When Devon Brooks was in her early 20s, she co-founded Blo Blow Dry Bar in Vancouver, a hair drying salon that was a fast success and grew rapidly.
It was an intense time for Ms. Brooks, as she learned to lead on the job, and outside work she was embroiled in two legal cases that stemmed from a rape and an assault she suffered. Ms. Brooks said the coaching she received from others during the period was fundamental to her success.
After she left Blo, Ms. Brooks used the experience she had gained to begin coaching others. Then, two years ago, she founded Stellar Guidance Technologies Inc. and came up with the idea for Sphere, an app she and a small team have developed to bring together coaches and people seeking guidance on work, life or health. Ms. Brooks says coaching is on a cusp similar to that of yoga and meditation in years past. She sees potential for Sphere to gain an audience like the popular app Headspace did among those who practise meditation.
Ms. Brooks has raised $800,000 in early financing and is working on a seed round. Sphere launched a beta version two months ago and will be publicly available in the spring. She said Sphere aims to be a premier venue that attracts the best coaches.
“We are not creating the Craigslist of coaches,” Ms. Brooks said. “[This is] the brand and marketing engine that’s going to bring coaching to the masses.”
The global coaching business is worth an estimated US$2.4-billion annually, according to a study by consultancy PwC for the International Coach Federation. There are an estimated 53,000 coaches in the world, of which one-third work in North America.
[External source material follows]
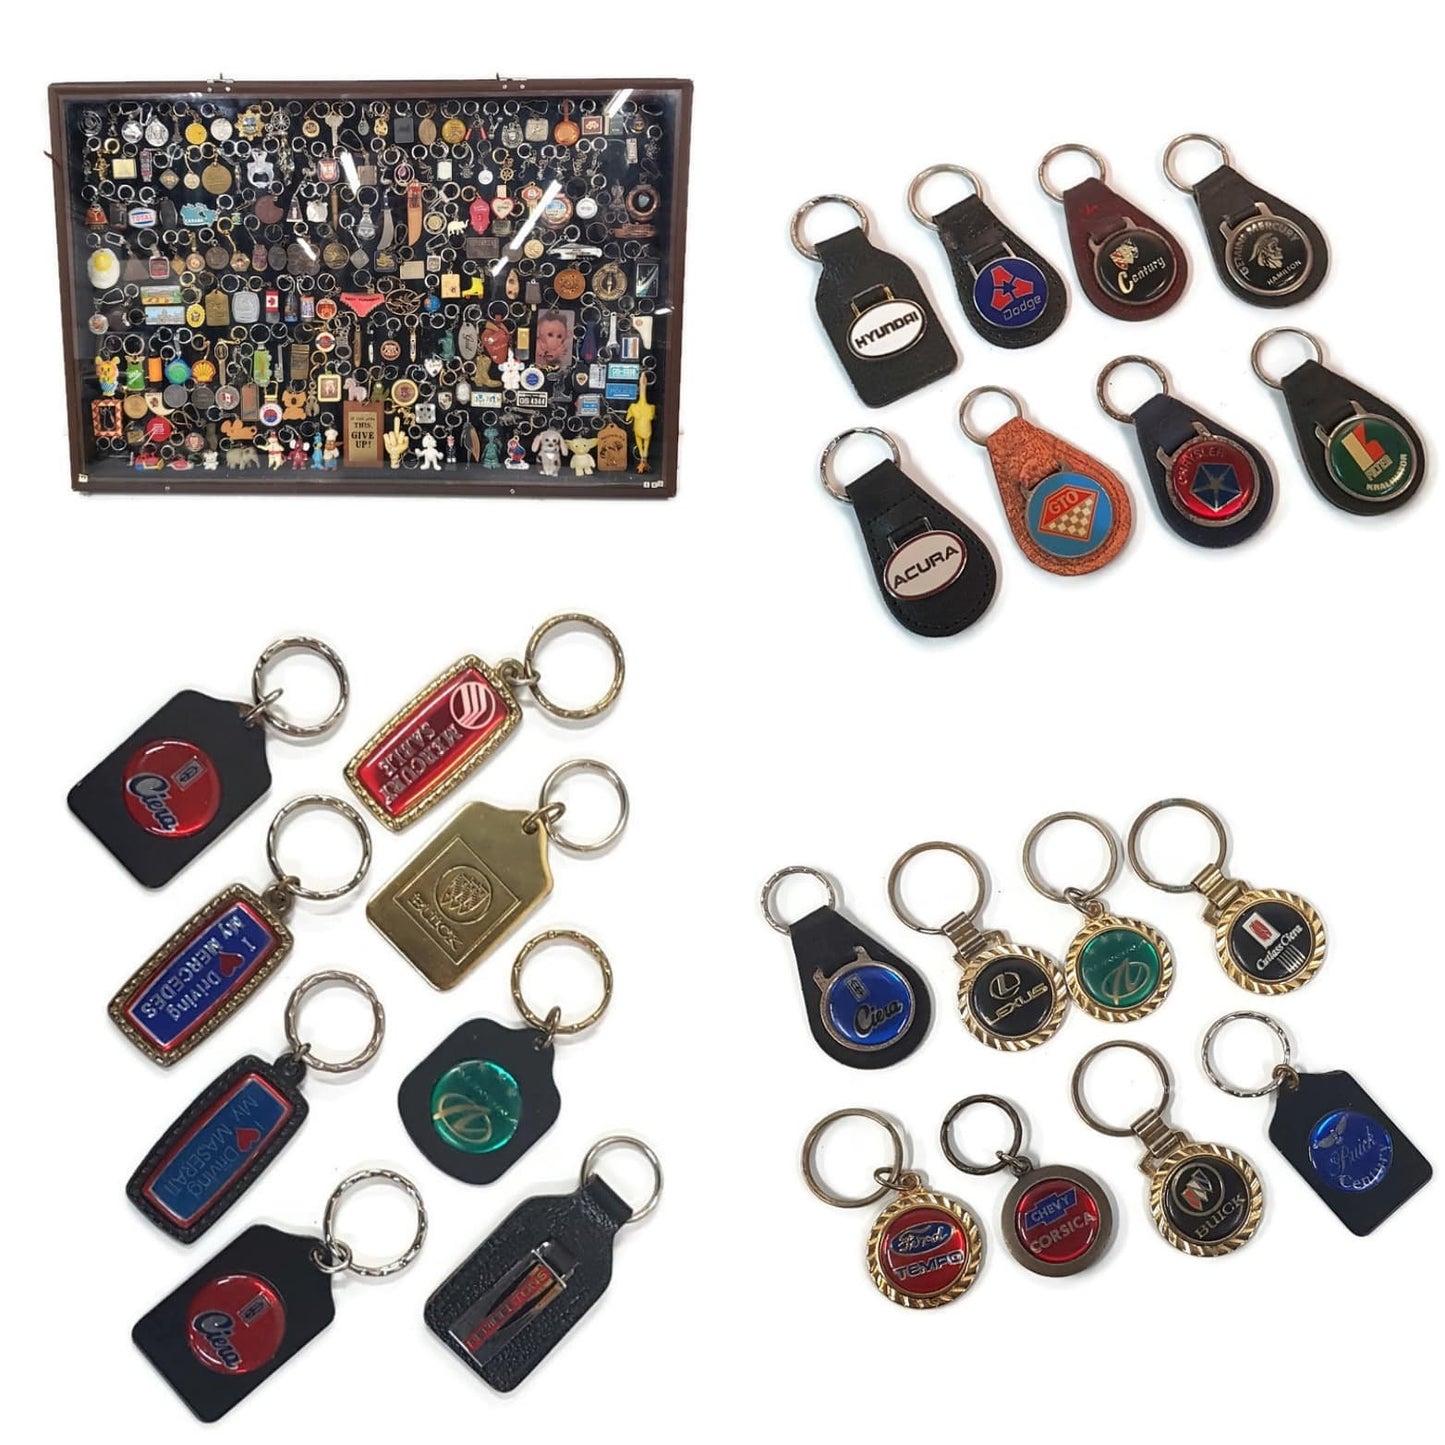 buick century key chain keychain key fob keytag vintage automotove keychain gift collectible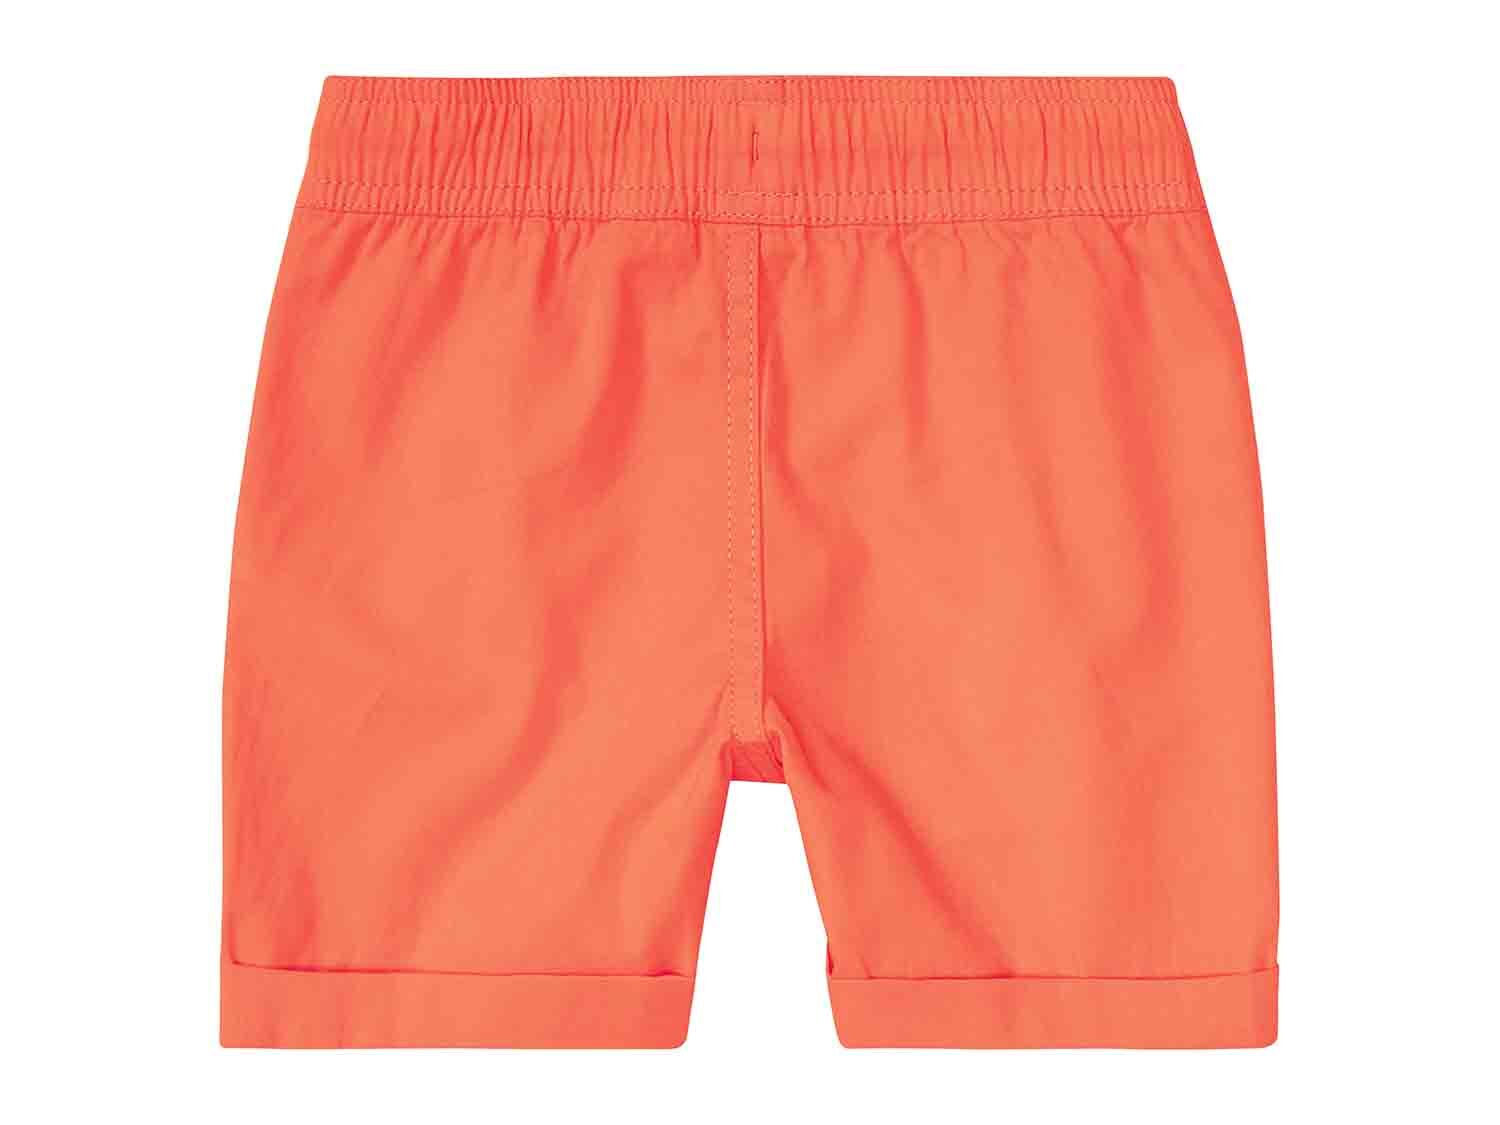 Pantalones cortos infantiles pack 2

The average coach in the United States and Canada makes US$60,000 a year, the study said.
There has been a surge in coaching in recent years. The International Coach Federation, founded in 1995, had 30,600 members at the end of 2017, up from 19,000 five years earlier in 2012.
UBC business professor Daniel Skarlicki encourages executives in the Sauder School of Business’s executive education program to have coaches. He said the “increasing complexity” of the world means the value of coaching is on the rise.
“Executives are feeling pretty overwhelmed,” Prof. Skarlicki said. “Coaching accelerates learning. If you haven’t had a good coach, you don’t know what you’re missing.”
He said there are online venues to find coaches, such as Noomii.com, a website started in Vancouver. But he said Ms. Brooks, with the early version of Sphere’s app, has captured the essence of what coaching is and can provide for people.
“I like what she’s done,” Prof. Skarlicki said.
So far, Ms. Brooks has 50 coaches on the app, from a pool of 150 she assessed. She wants to keep a high standard – and maintain a waiting list of coaches wanting to join. Sphere does a survey of users who sign up and provides a list of several of the best-matched coaches for their goals. Sphere charges a monthly membership to coaches and takes a percentage of transactions when coaches work with clients through Sphere. Customers will pay a subscription fee to access coaching, rather than a per-session fee.
Sphere has a staff of eight, including Ms. Brooks, and she plans to market the brand this spring and seek out brand partnerships. The Sphere persona, underpinned by technology, is the key, she said.
“Coaching is ripe for innovation,” Ms. Brooks said. “And the coaching space is ripe for a brand that isn’t driven by a macho persona. Guru-ish really works for the baby boomers. Millennials aren’t so into gurus. What I was really interested in building was a bold and inclusive brand.”